Petre Strihan (pen name of Petre Constantinescu; May 27, 1899 - July 25, 1990) was a Romanian poet.

Born in Mizil, his parents were Ion Constantinescu, a lawyer, and his wife Steliana (née Anastasiu). From 1910 to 1918, he attended high school in Ploiești and Buzău. He then studied law at the University of Bucharest from 1918 to 1921, during which time he worked as a copyist within his faculty. He earned a doctorate in 1925, and worked as an instructor (1928–1938), associate professor (1938–1942) and professor (1942–1947). From 1942 to 1944, under the regime of Ion Antonescu, he was a deputy state secretary. He was active as a lawyer from 1921 to 1945, at which point he was suspended. Between 1956 and 1964, under the communist regime, he successively served as accountant at a worksite in Titu, tutor at a worker cooperative, ticket inspector at Zoo Băneasa, laborer at a chemical plant, archivist and machine operator at another cooperative. From 1964 to 1968, he was documentarian at Bucharest's Nicolae Iorga History Institute, rising to scientific researcher from 1968 to 1970.

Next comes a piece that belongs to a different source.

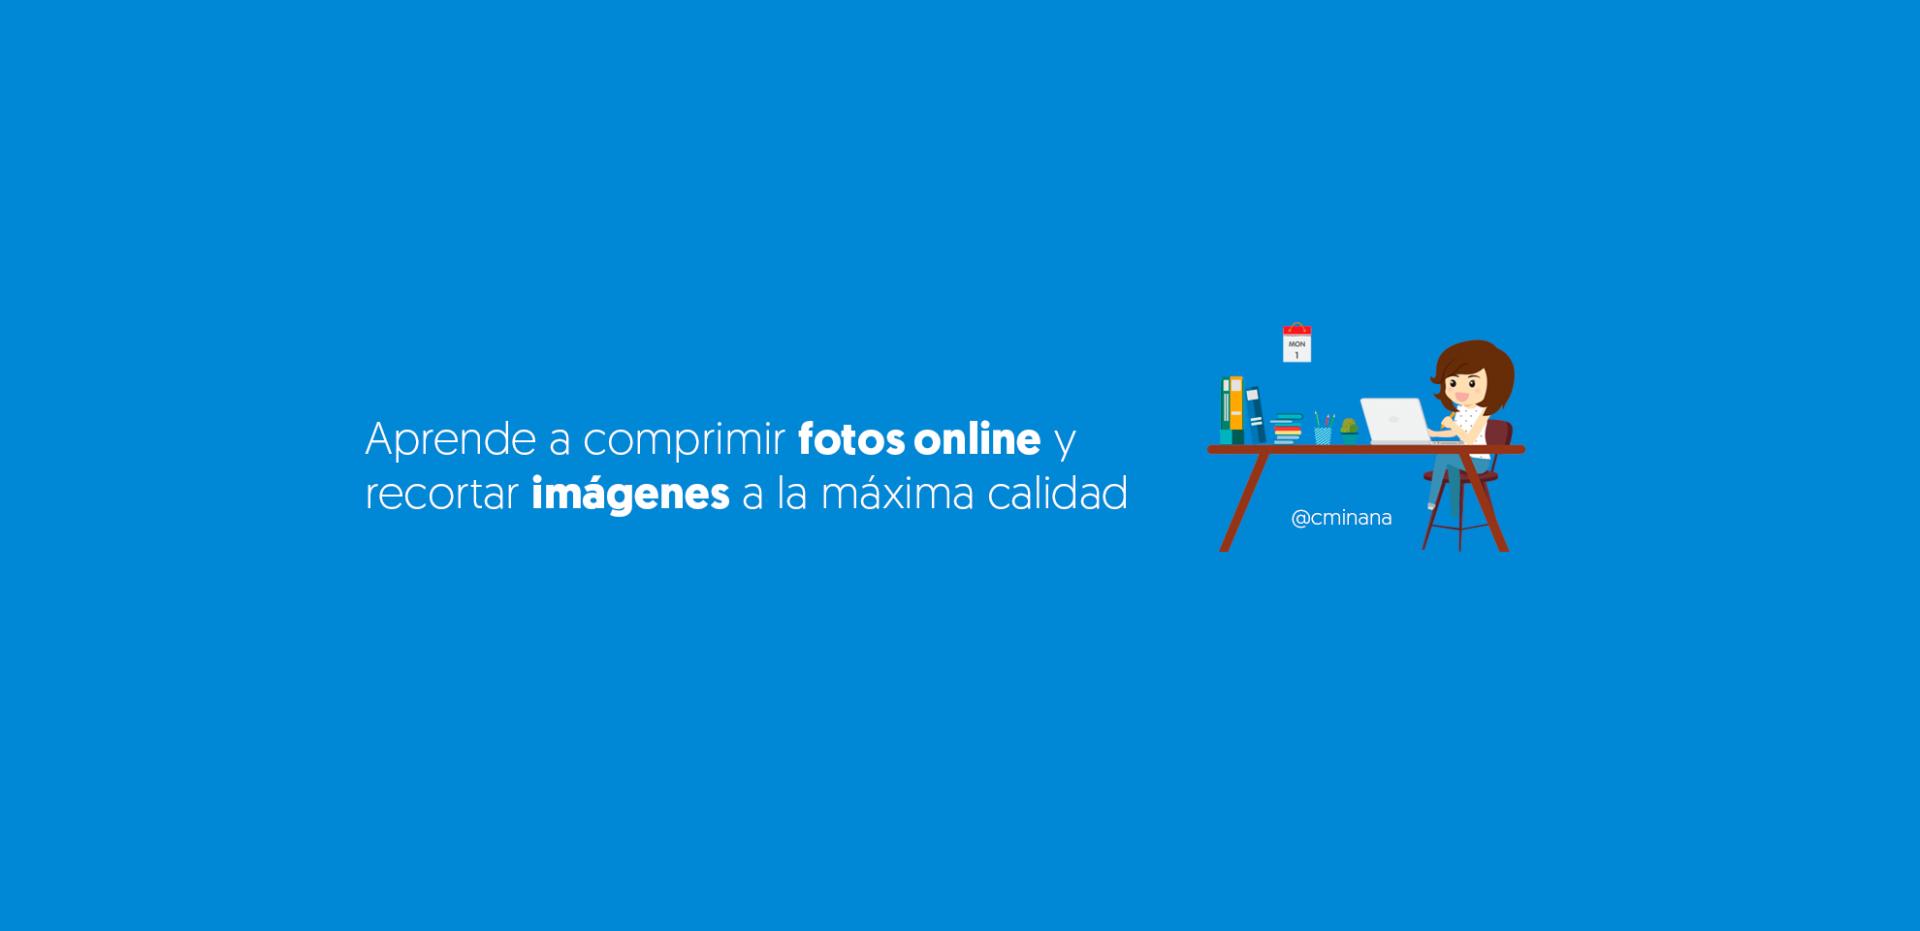 Programas para recortar fotos online 29

Strihan's first published work appeared in Flacăra in 1922, while his first book was the 1929 Penumbre. Between 1922 and 1929, he formed part of the Sburătorul literary circle. During the interwar period, his writings appeared in Adevărul literar, Convorbiri Literare, Viața literară, Universul literar and Slove. After 1964, he wrote for Luceafărul, Gazeta literară and România Literară. His late works, delicate and naive, appeared in Poezii (1968), Moara albastră (1978) and Lumini târzii (1984).